*What you have to do*:
Produce an exact transcription of the data, with the images left out.

*Collected data*:

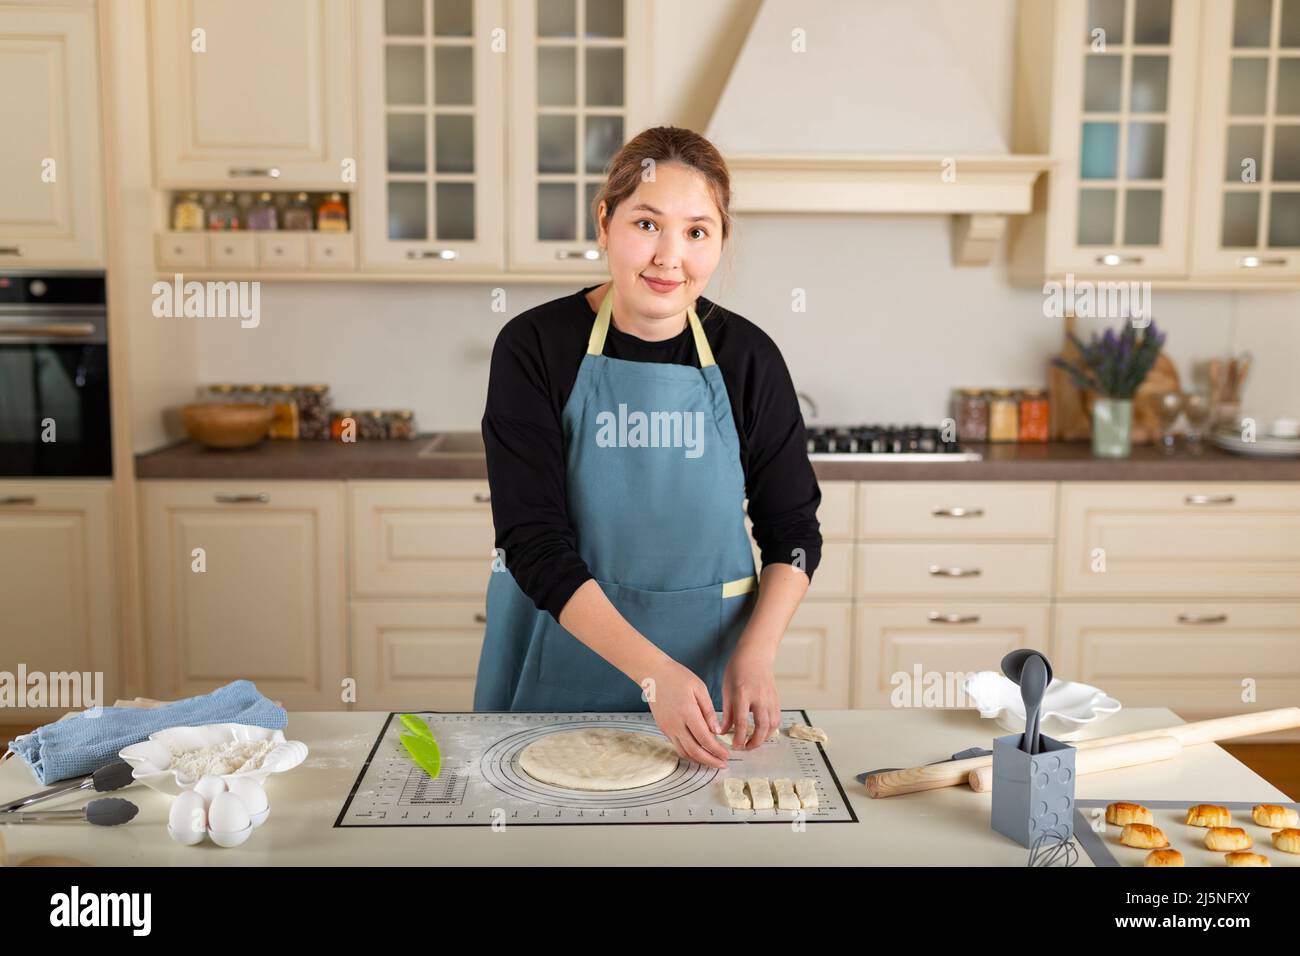 La giovane donna kazaka sta cucinando la cottura all'interno di una moderna cucina casalinga. Foto Stock
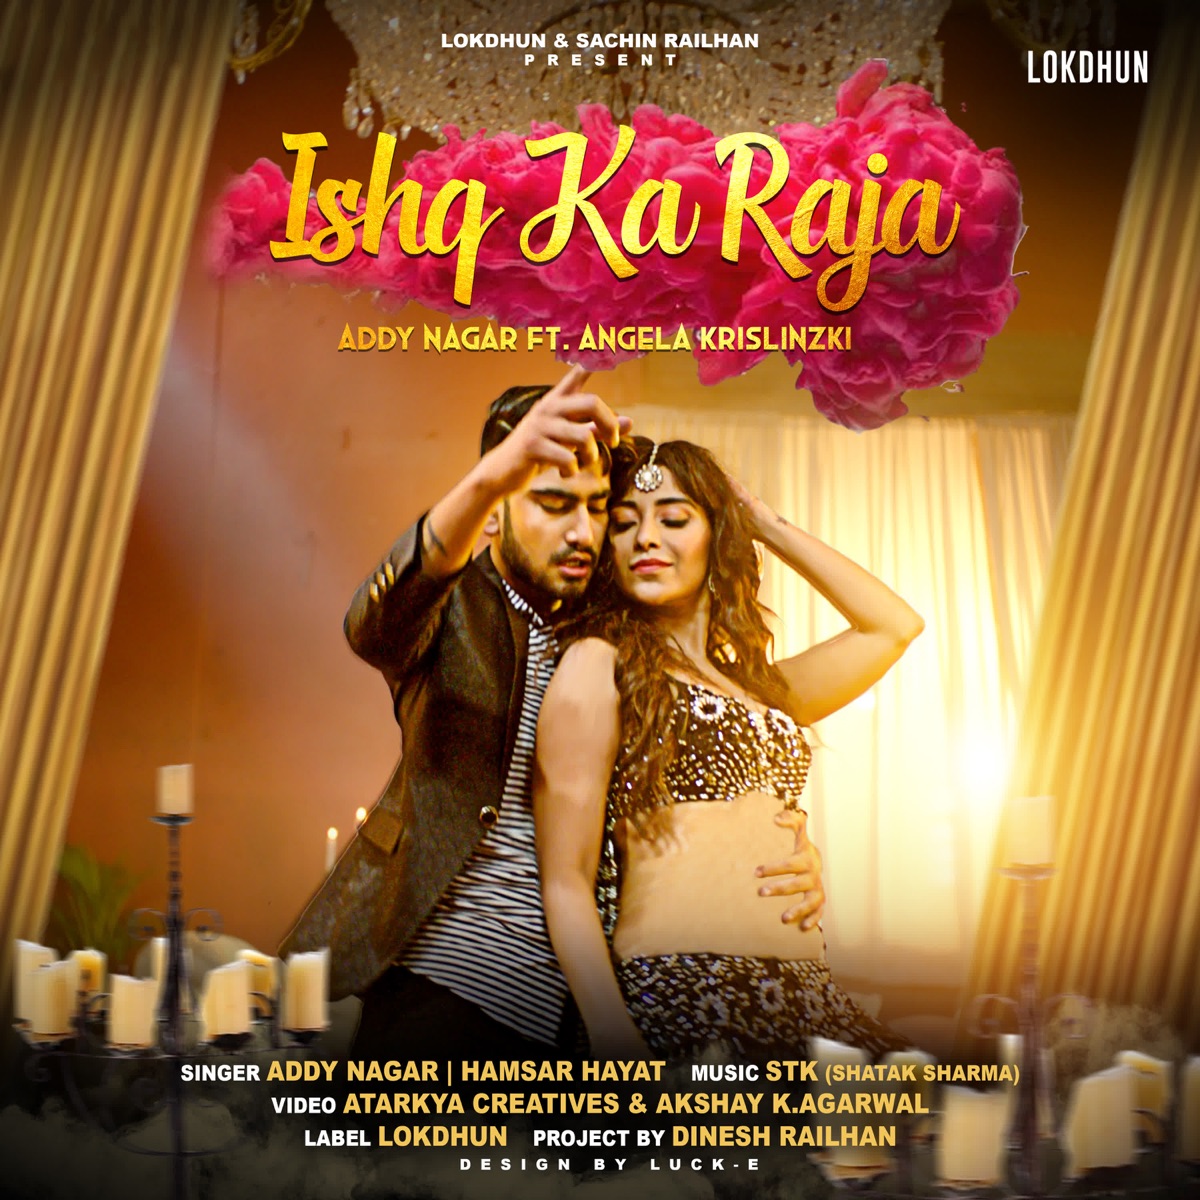 ‎Ishq Ka Raja (feat. Angela Krislinzki) - Single by Addy Nagar & Hamsar  Hayat on iTunes
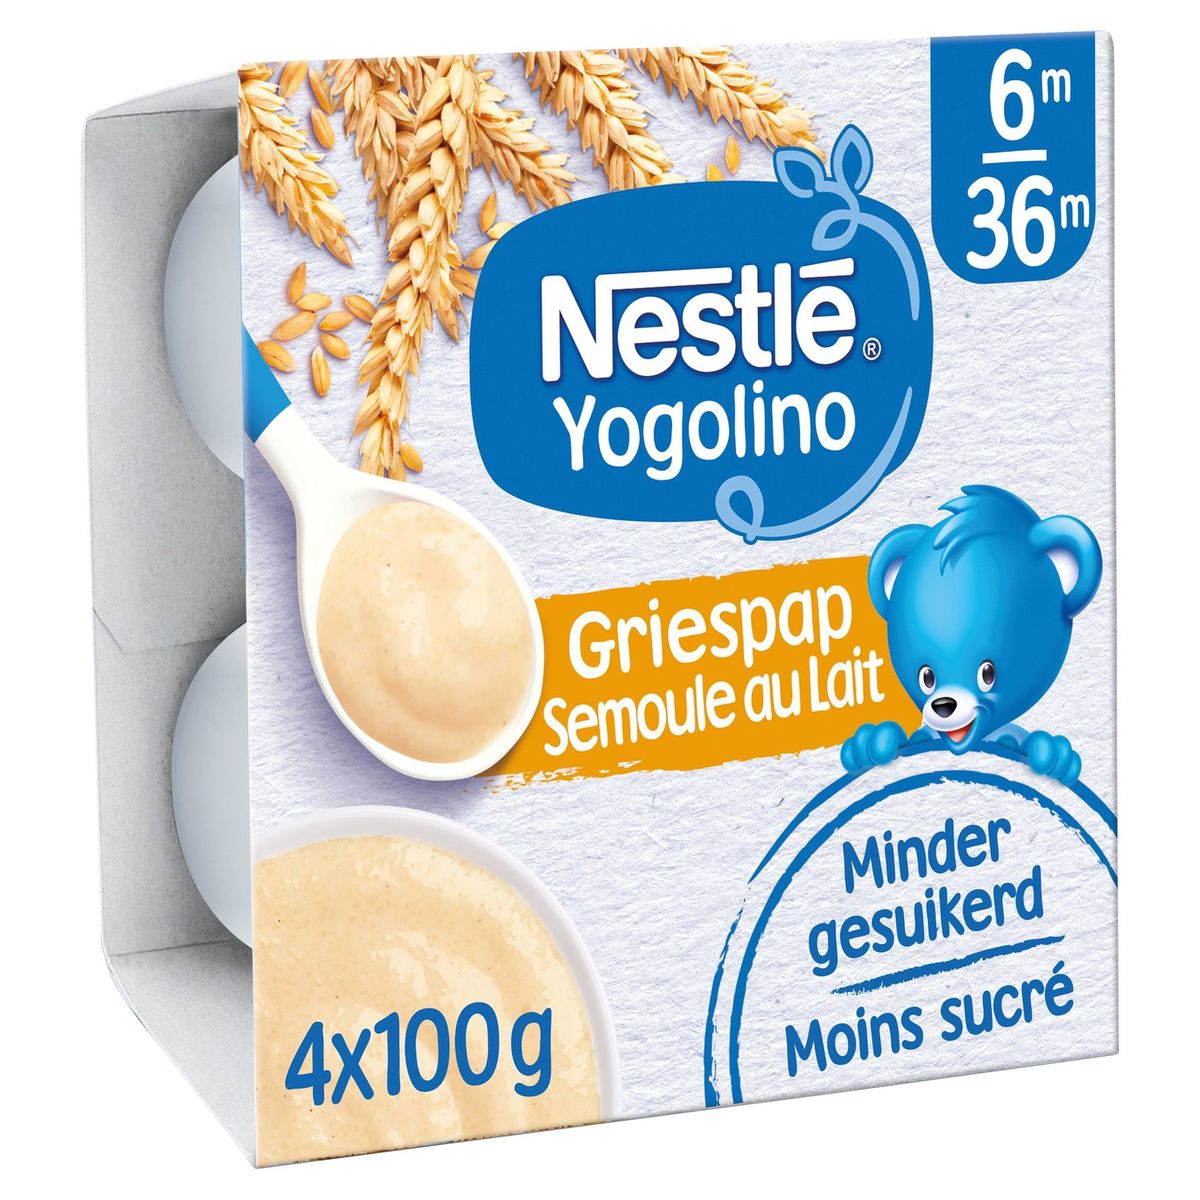 Nestlé Yogolino Semoule au Lait 6M - 36M 4 x 100 g

*Output for this exercise*:
 La giovane donna kazaka sta cucinando la cottura all'interno di una moderna cucina casalinga. Foto Stock
 ‎Ishq Ka Raja (feat. Angela Krislinzki) - Single by Addy Nagar & Hamsar  Hayat on iTunes
 Nestlé Yogolino Semoule au Lait 6M - 36M 4 x 100 g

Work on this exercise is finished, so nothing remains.